* How to complete this task *
Each line of the data must be written out again verbatim; no image belongs in the copy.

* Collected material *

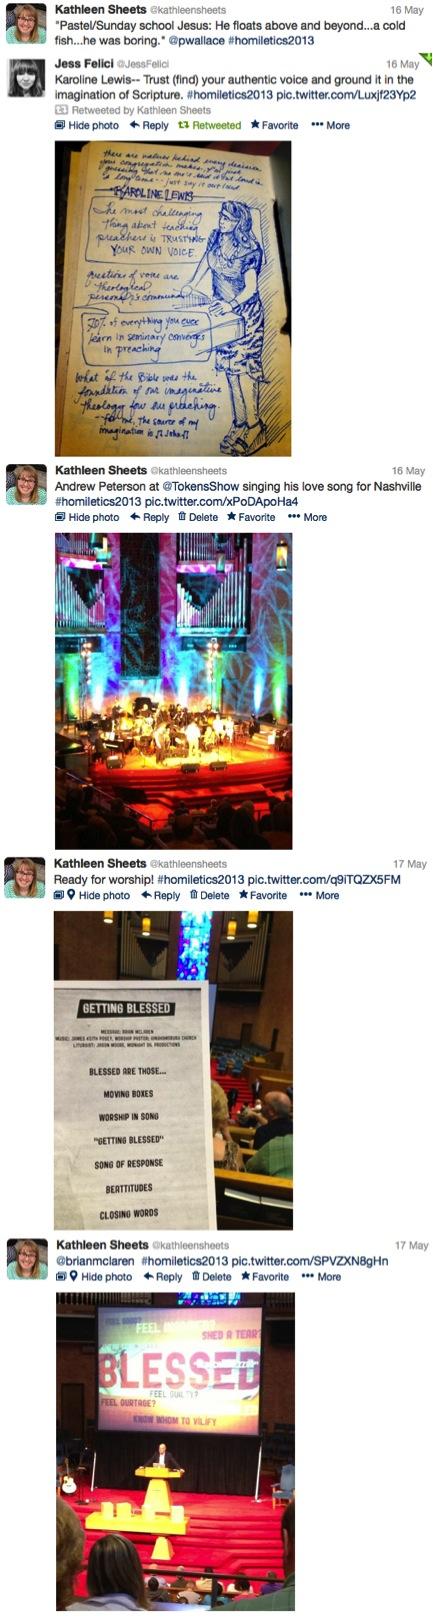 Festival of Homiletics Tweets 7
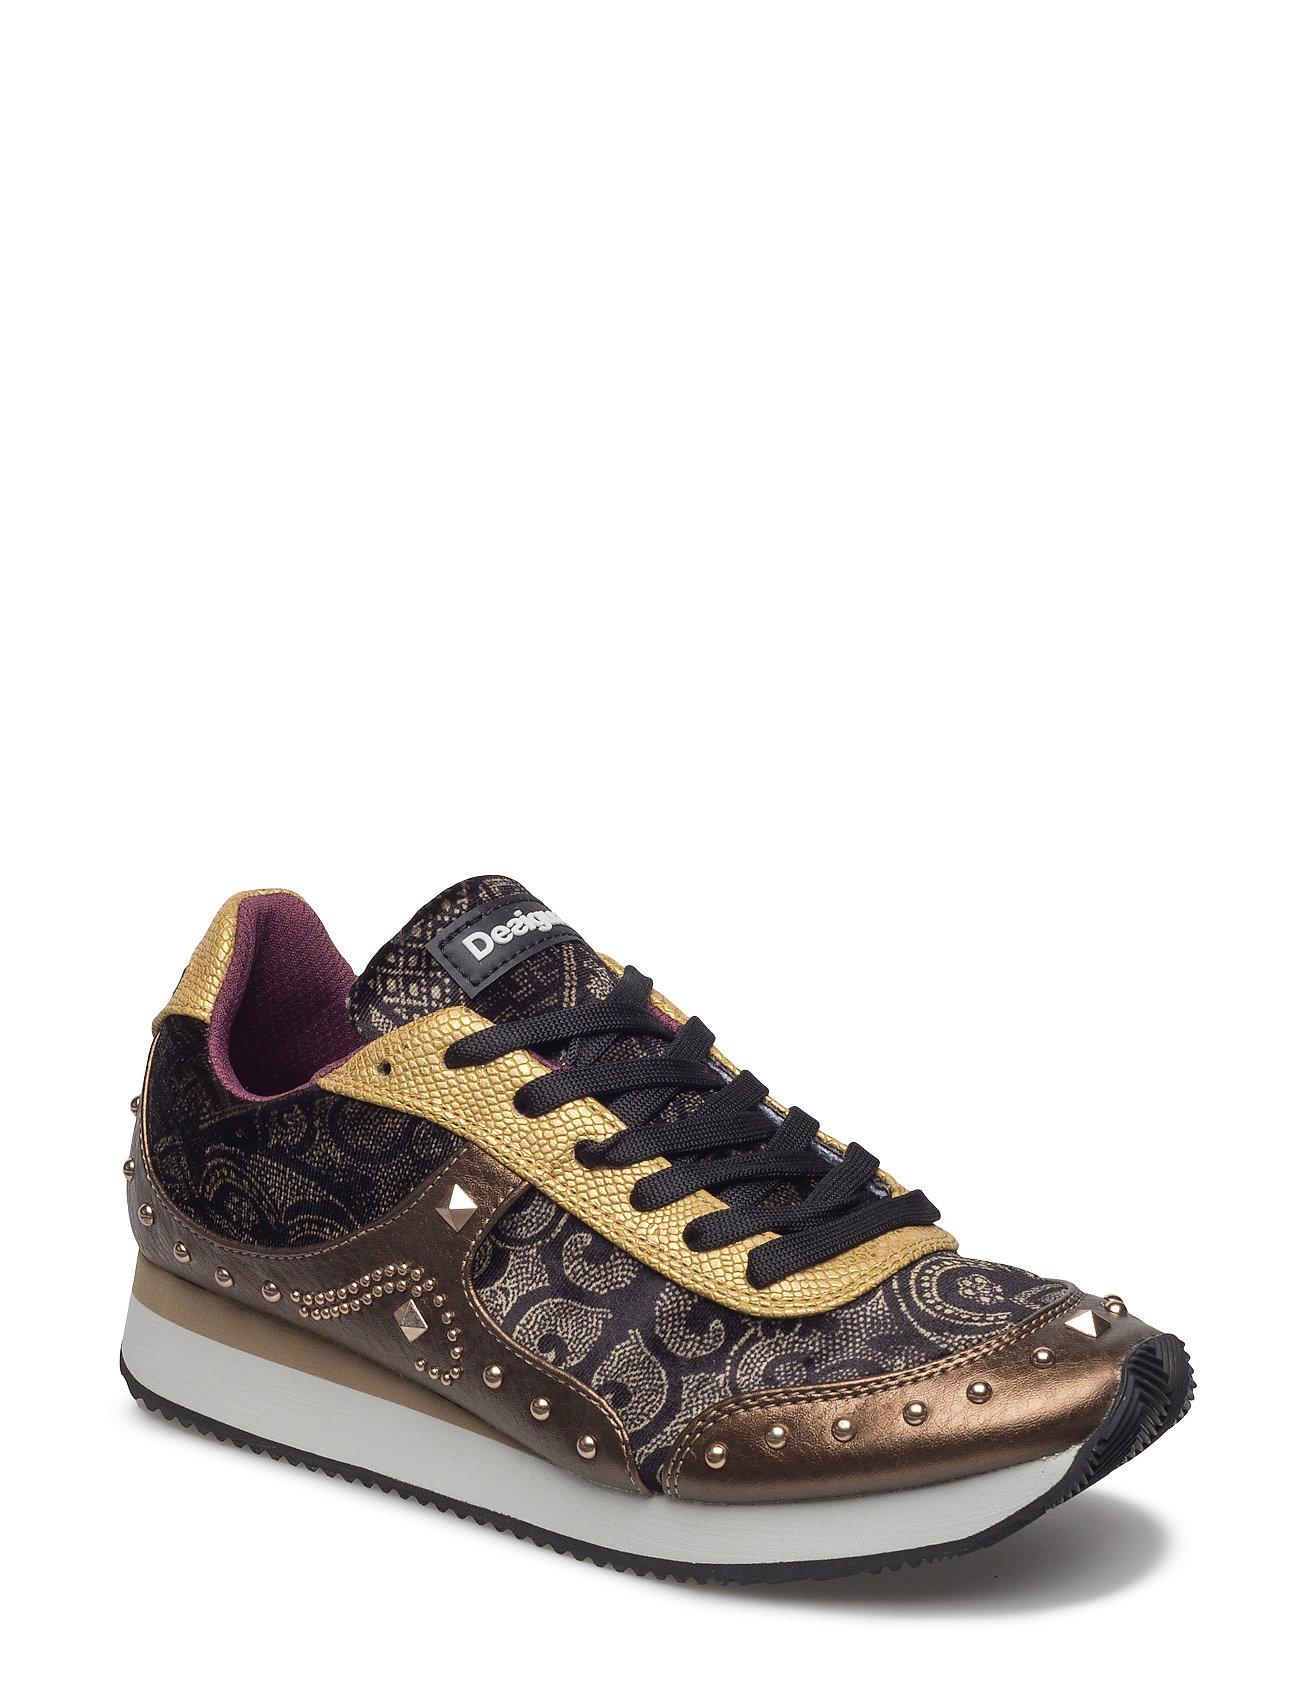 - Shoes Galaxy Blackstuds Desigual Shoes Shoes
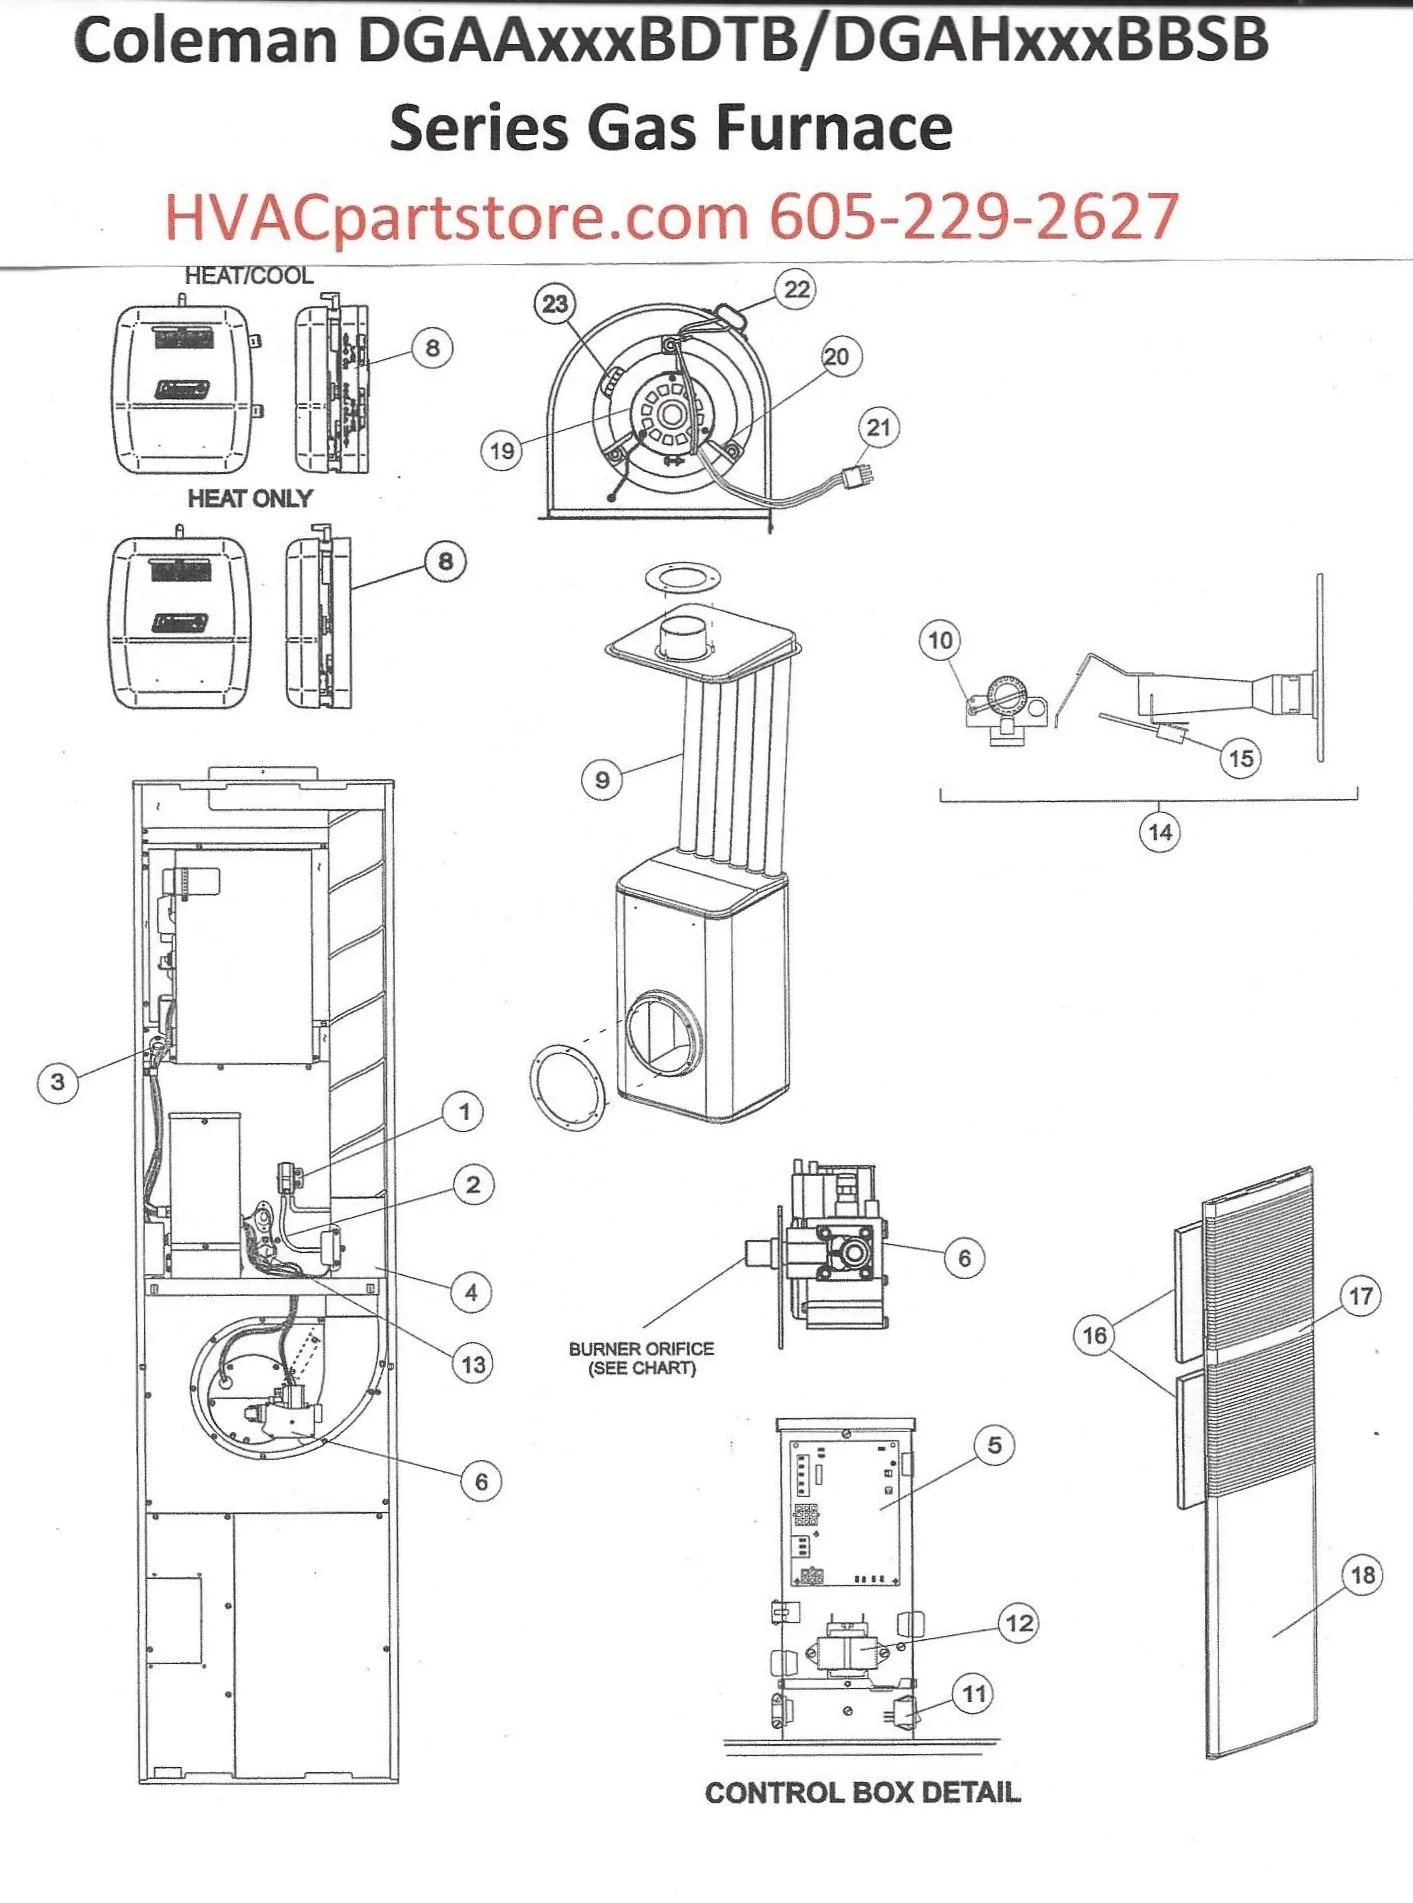 DGAAxxxBDTBDiagram thermopile gas valve wiring diagram turcolea com thermopile gas valve wiring diagram at soozxer.org

* Exercise result *
 Festival of Homiletics Tweets 7
 - Shoes Galaxy Blackstuds Desigual Shoes Shoes
 DGAAxxxBDTBDiagram thermopile gas valve wiring diagram turcolea com thermopile gas valve wiring diagram at soozxer.org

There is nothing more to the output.